* About this task
Pictures aside, please retype the whole listing word for word.

* Given information
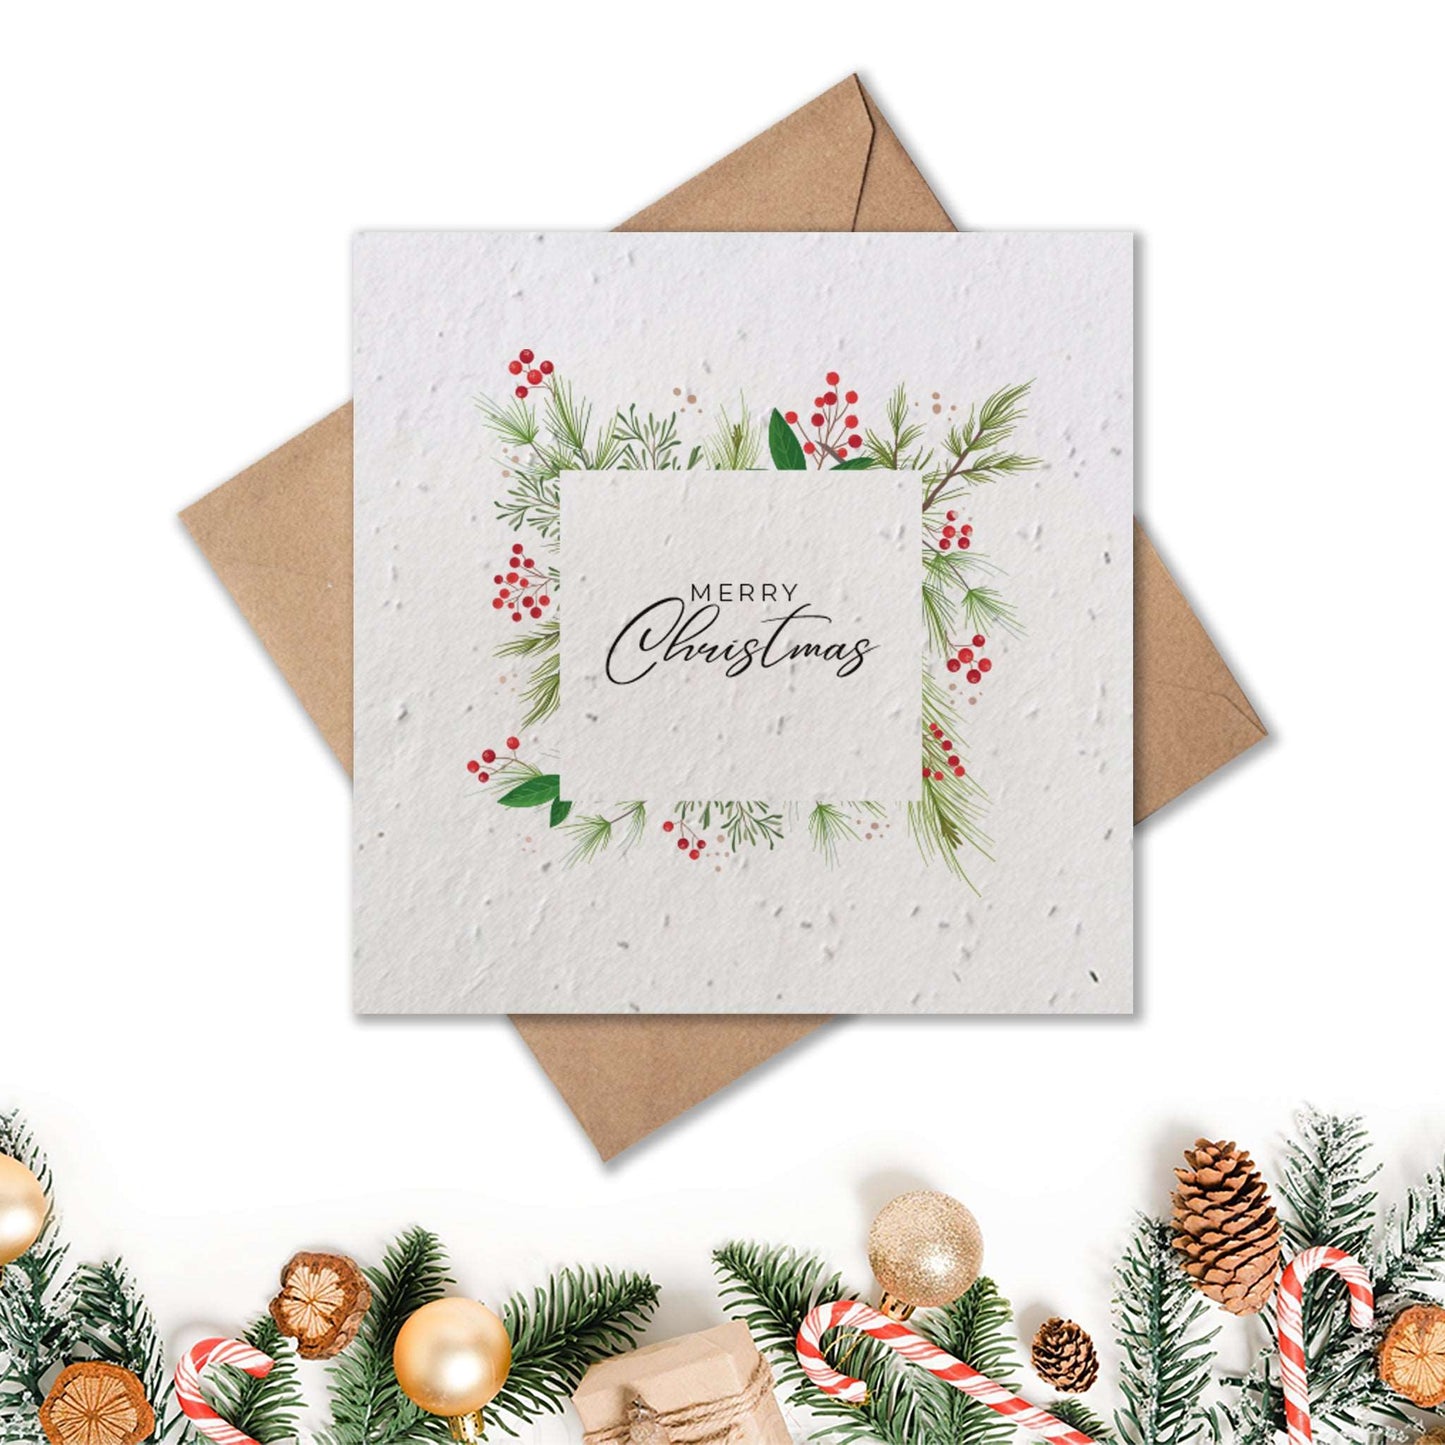 Plantable Seed Paper Christmas Card - Mistletoe Greeting Card Little Green Paper Shop
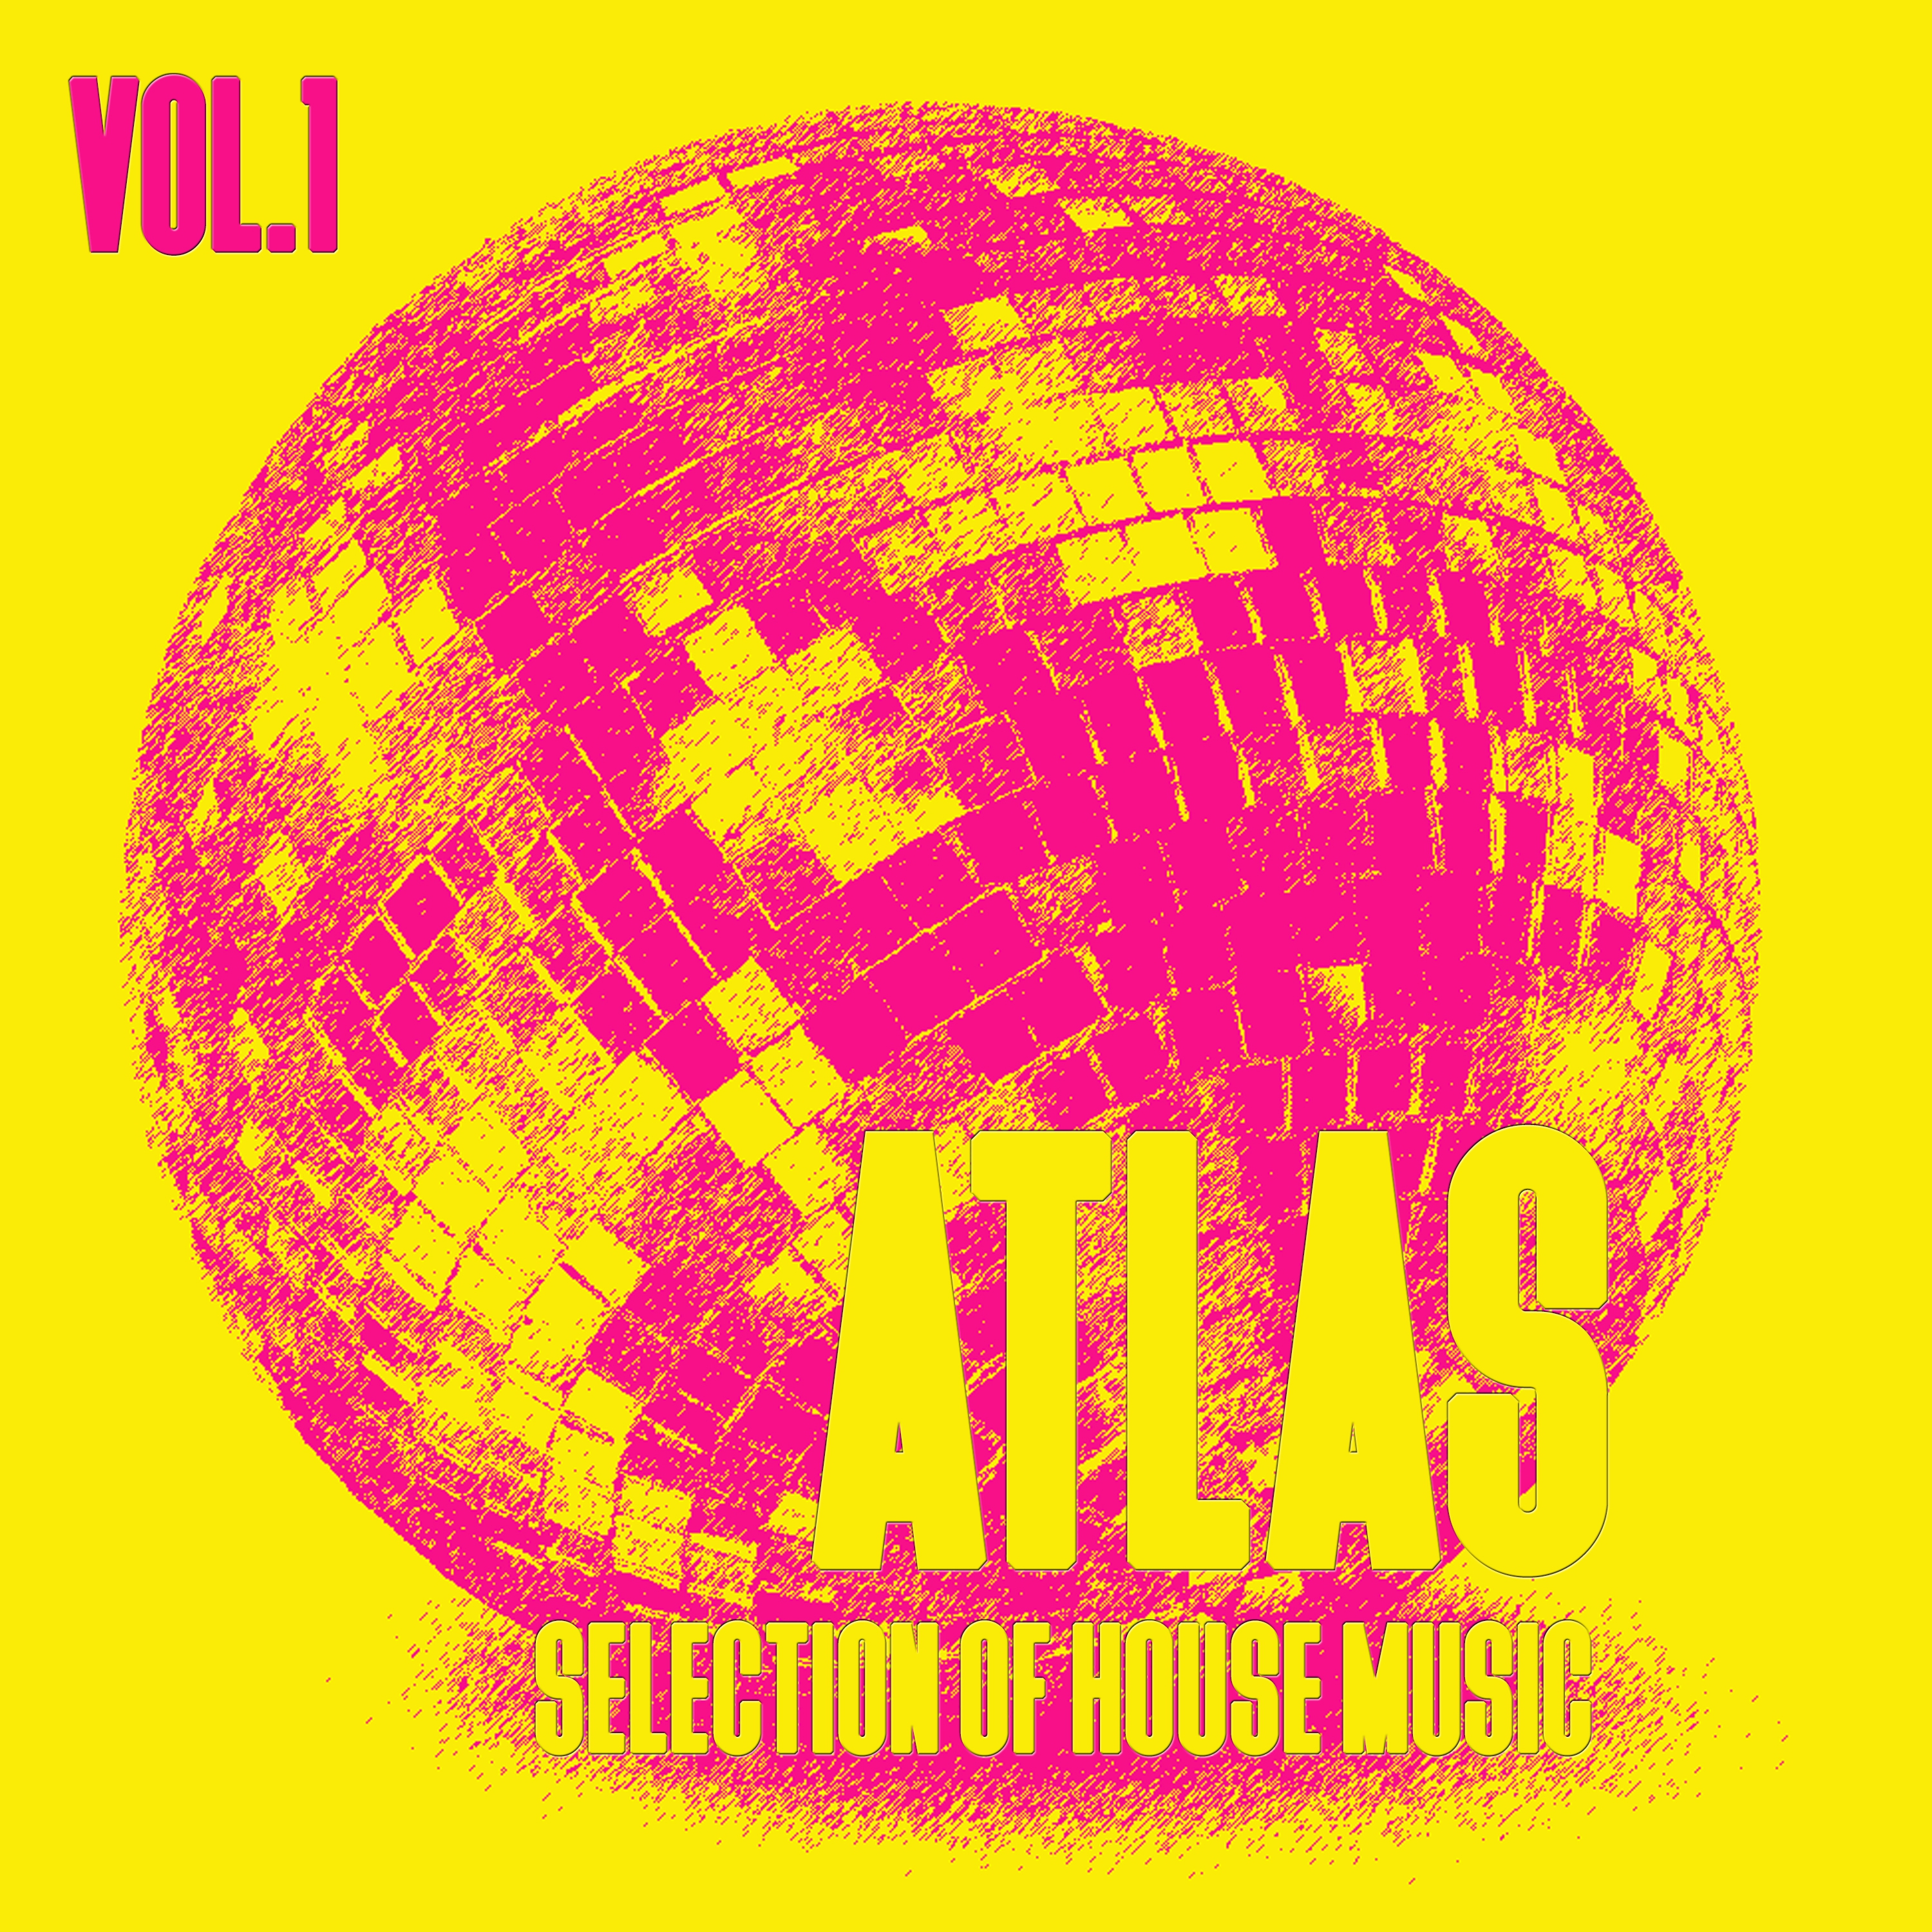 Atlas, Vol. 1 - Selection of House Music
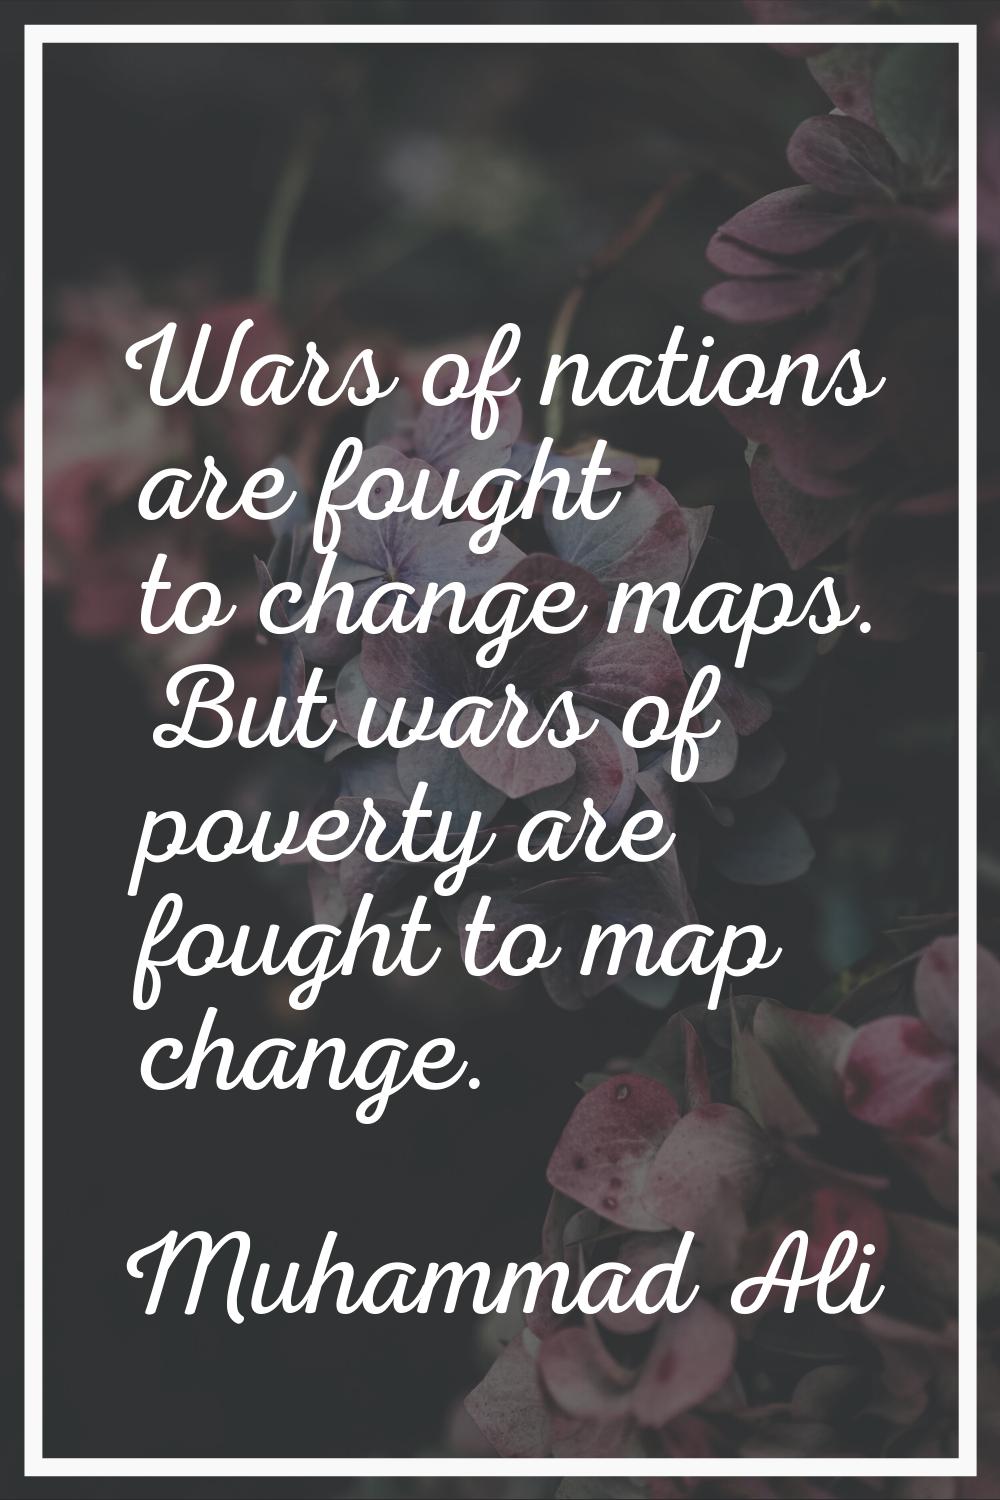 Wars of nations are fought to change maps. But wars of poverty are fought to map change.
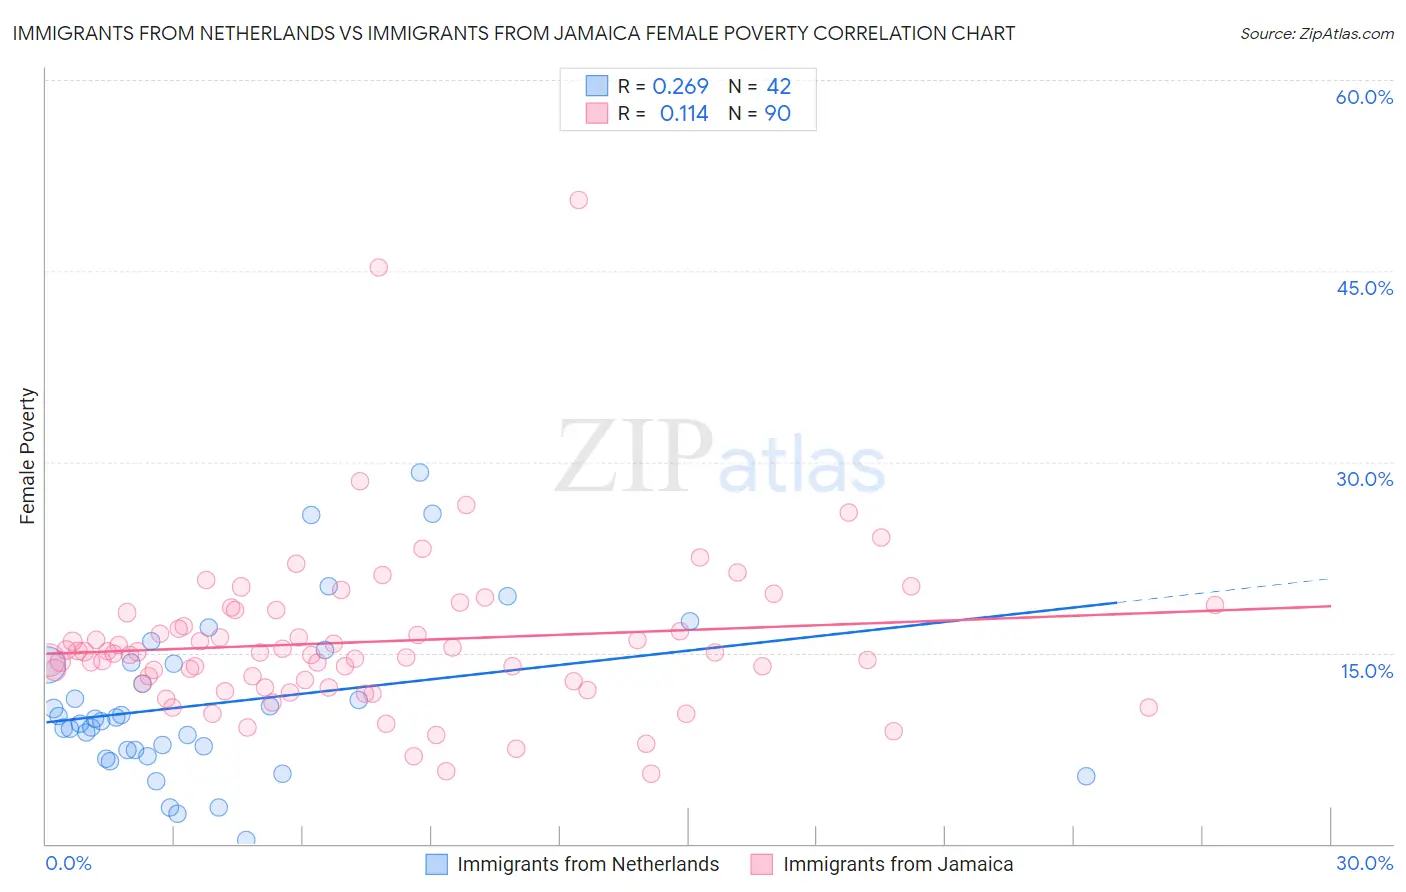 Immigrants from Netherlands vs Immigrants from Jamaica Female Poverty

* Task output
 Plantable Seed Paper Christmas Card - Mistletoe Greeting Card Little Green Paper Shop
 Atlas, Vol. 1 - Selection of House Music
 Wars of nations are fought to change maps. But wars of poverty are fought to map change.
 Immigrants from Netherlands vs Immigrants from Jamaica Female Poverty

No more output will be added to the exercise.